Consider the 3rd and 4th numbers; we see that [(3197)(3199)]^{2}2^{8} 3^{8} 7^{2} mod 2043221. Thus, t = (3197)(3199) mod 2043221 = 11098 and s = 2^{4} 3^{4} 7 mod 2043221 = 9072. Now gcd(t+s,n) = gcd(11098+9072, 2043221) = 2017 and we have 2043221 = (2017)(1013).

This example also illustrates what can go wrong with the procedure. Had we taken the first two numbers, we would have obtained [(1439)(2878)]^{2} 2^{6} 5^{8} 11^{2} mod n, so t = (1439)(2878) mod n = 55000 and s = 2^{3} 5^{4} 11 mod n = 55000, i.e. t = s, and this does not lead to a factorization.

In the example we found the appropriate subset of b_{i}'s to multiply by inspection, but we can do this systematically and at the same time answer the question of how many b_{i}'s do we need to find? We form a 0-1 matrix where each row corresponds to one of the B-smooth squares, having |B| columns, each column corresponding to one prime in the factor base B. For each row the entry in the jth column is a 1 if the jth prime of B appears to an odd power and 0 otherwise. For the last example this matrix would look like:

0 0 0 0 1

0 0 0 0 1

1 1 0 0 0

1 1 0 0 0

0 1 0 1 0.

It should now be clear why we are a little vague in the definition of a factor base. If the factor base is small, we will need to only a few B-smooth squares to get a linear dependency, however, having a small factor base means that the B-smooth squares are rare and so finding them will be hard.

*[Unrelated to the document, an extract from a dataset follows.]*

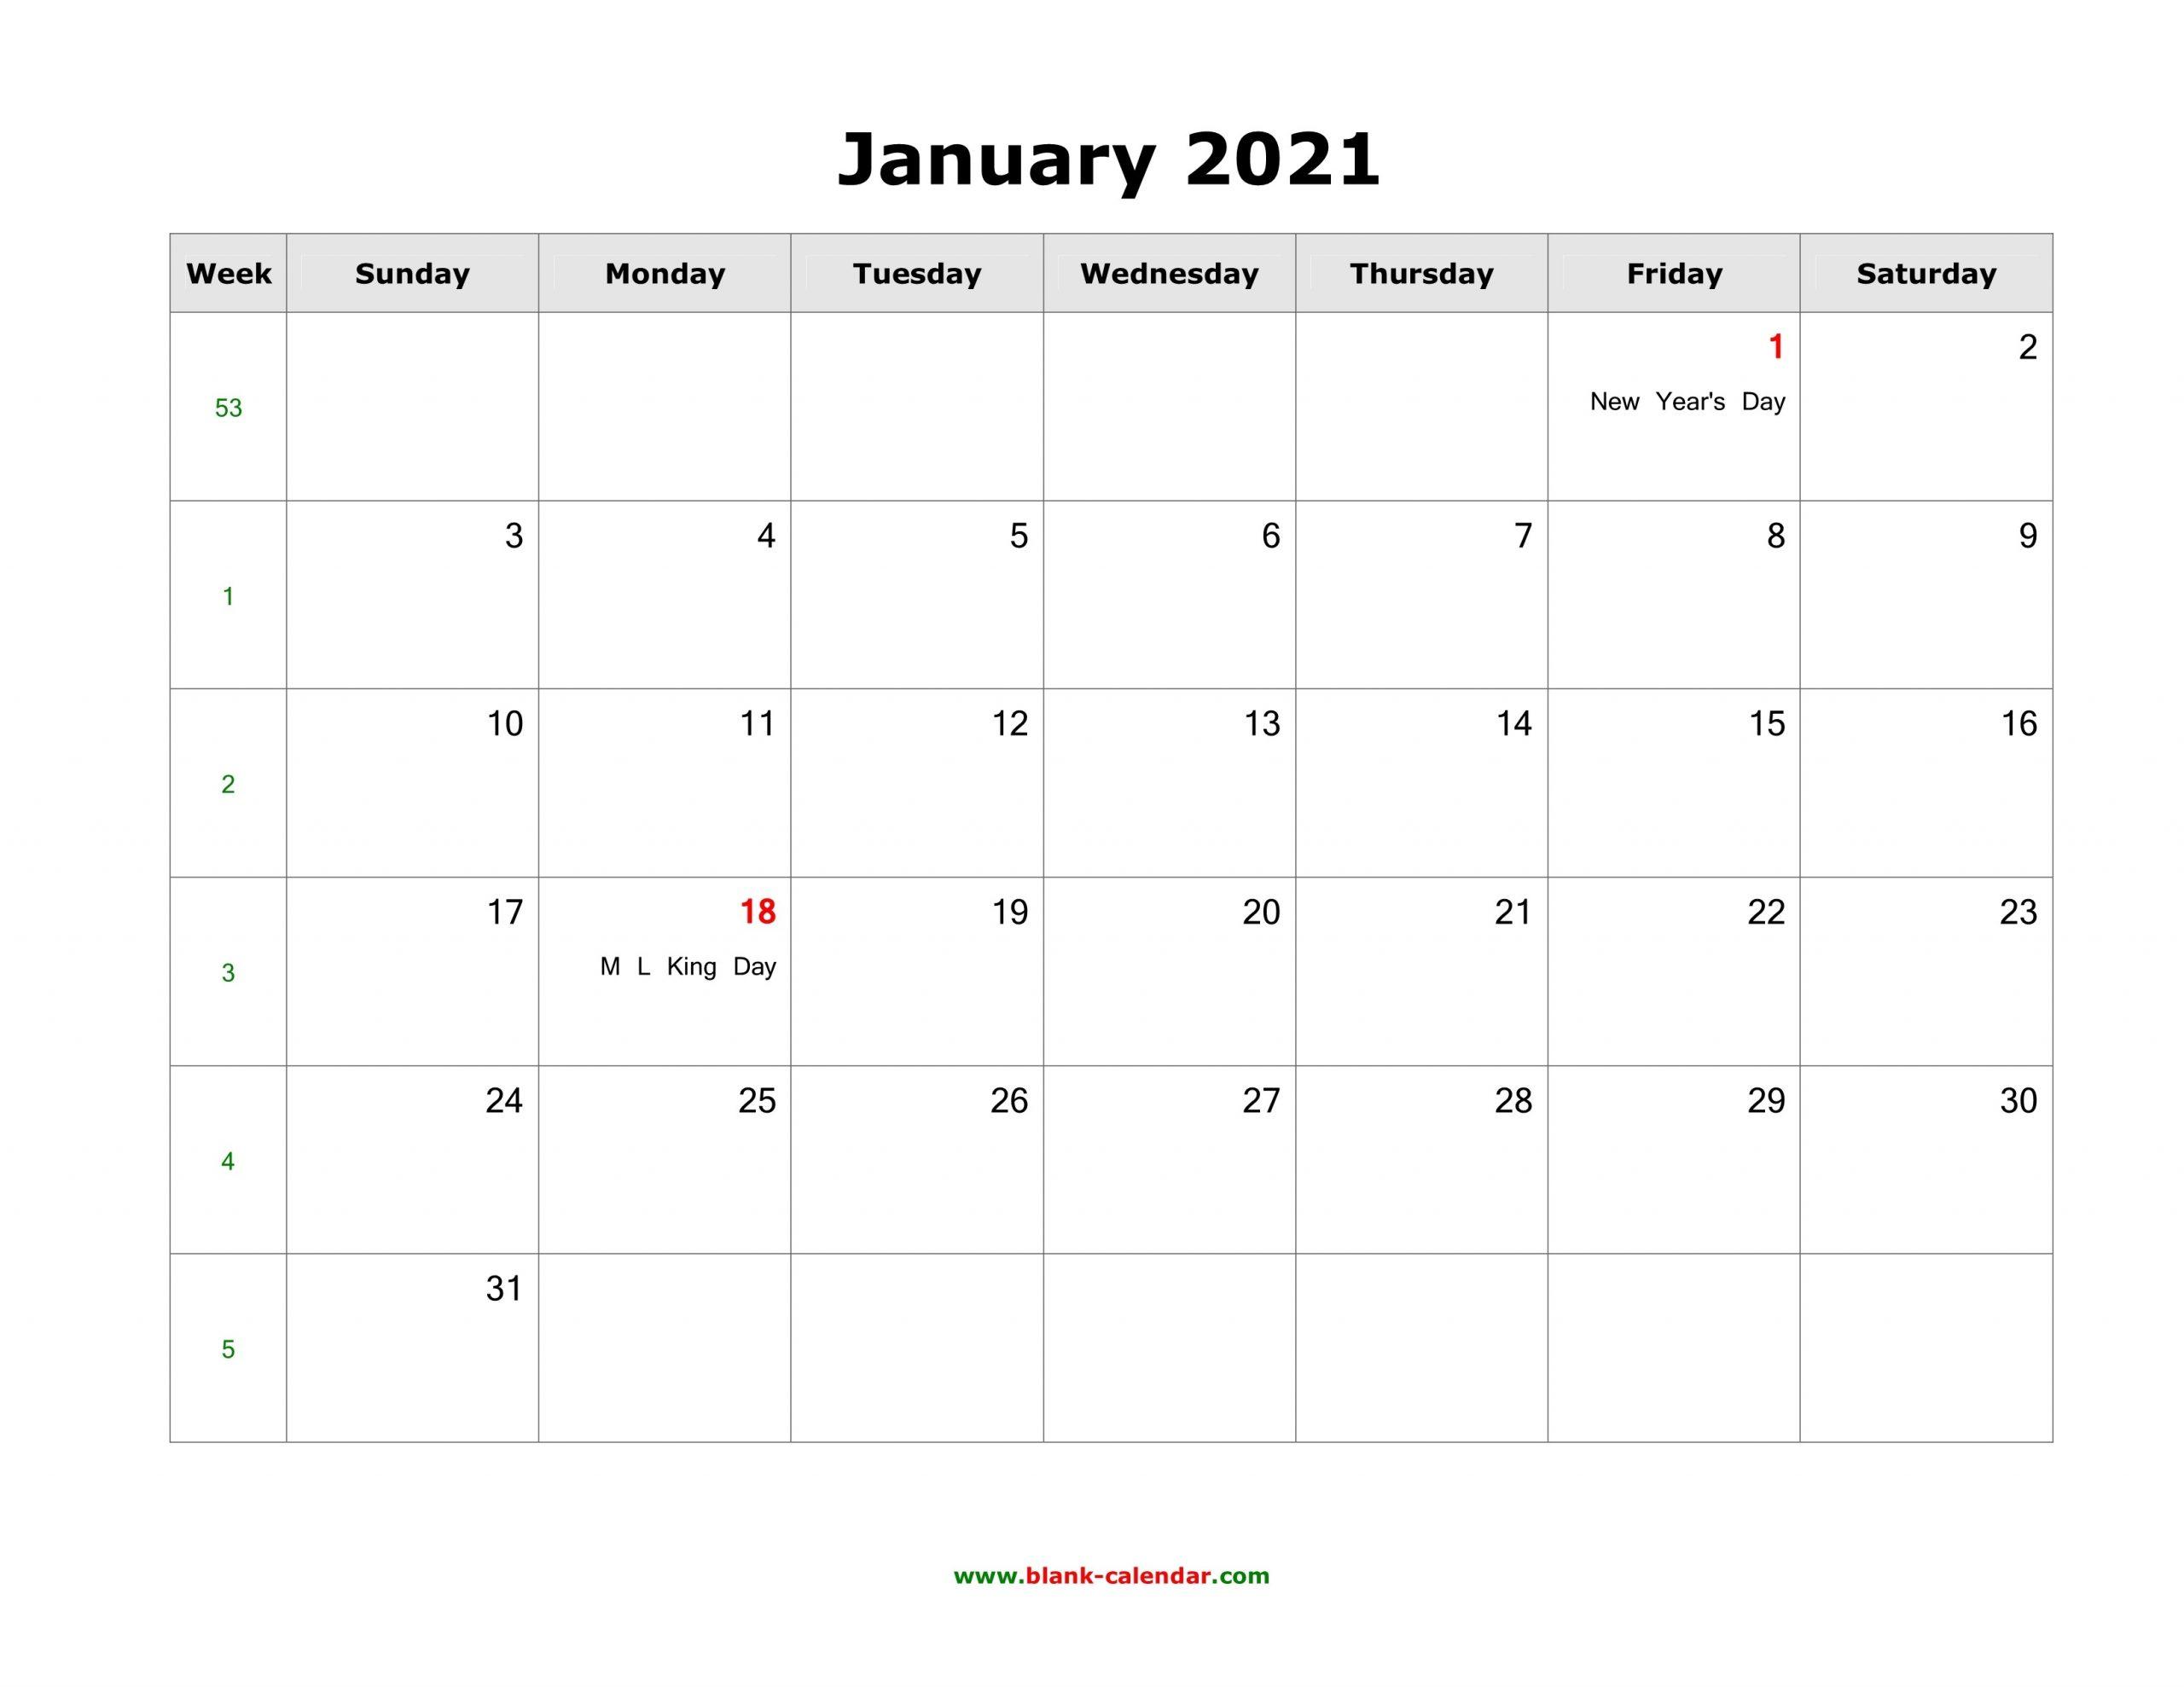 January 2021 Blank Calendar   Free Download Calendar Templates-Fill In Blank Calendar 2021

On the other hand, a large factor base means that there are many more B-smooth squares, so they will be easier to find, but we will then need to find many more of them. A good algorithm based on these considerations would therefore be one for which the factor base is not too big and which has an efficient way of finding B-smooth squares.

One could try randomly selecting the b_{i} and if n is not too large this will be effective, but for large n it isn't. A more effective procedure would be to select the b_{i}'s to be integers near the square root of kn for different choices of k. The squares of these b_{i}'s will be near kn, so, when reduced mod n they should be small and thus made up of only small primes. Another procedure, due to Pomerance, is to start with a large interval of integers around the square root of n, and then systematically remove integers based on a quadratic relationship with each prime in the factor base. The remaining integers have a high probability of being B-smooth. This method is known as the *Quadratic Sieve*. A more recent algorithm, known as the *Number Field Sieve* finds the B-smooth squares by means of computations in rings of algebraic integers.

For factoring RSA moduli, the quadratic sieve has been the most successful algorithm. In April 1994, a 129-digit number known as RSA-129 was factored by Atkins, Graff, Lenstra and Leyland using the quadratic sieve. The numbers RSA-100, RSA-110, ..., RSA-500 were a list of RSA moduli publicized on the Internet (RSA Labs) as "challenge" numbers for factoring algorithms. Each number RSA-d was a d-digit number that is the product of two primes of approximately the same length. The numbers RSA-100, RSA-110, RSA-120, RSA-129, RSA-130, RSA-140, RSA-155 and RSA-160 have all been factored (the last of these on April 1, 2003). In 2001, RSA Labs renamed and reissued the "challenge" numbers and assigned specific monetary rewards for their factoring. The new list (available at RSA Labs) uses the number of digits in the binary representation in the name, starting at RSA-576 (worth $10K) and going up to RSA-2048 ($200K).

The number field sieve seems to have great potential since its asymptotic running time is faster than other known algorithms. It is still in the developmental stages, but many researchers feel that it might prove to be faster for numbers having more than about 125-130 digits. In 1990, the number field sieve was used by Lenstra, Lenstra, Manasse and Pollard to factor 2^{512} + 1. On December 3, 2003 the factoring of RSA-576 (174 digits) was announced by a group at the German Federal Agency for Information Technology Security (BIS). They used a number field sieve to obtain the two 87-digit prime factors. The smallest challenge number is now RSA-640 worth $20K$.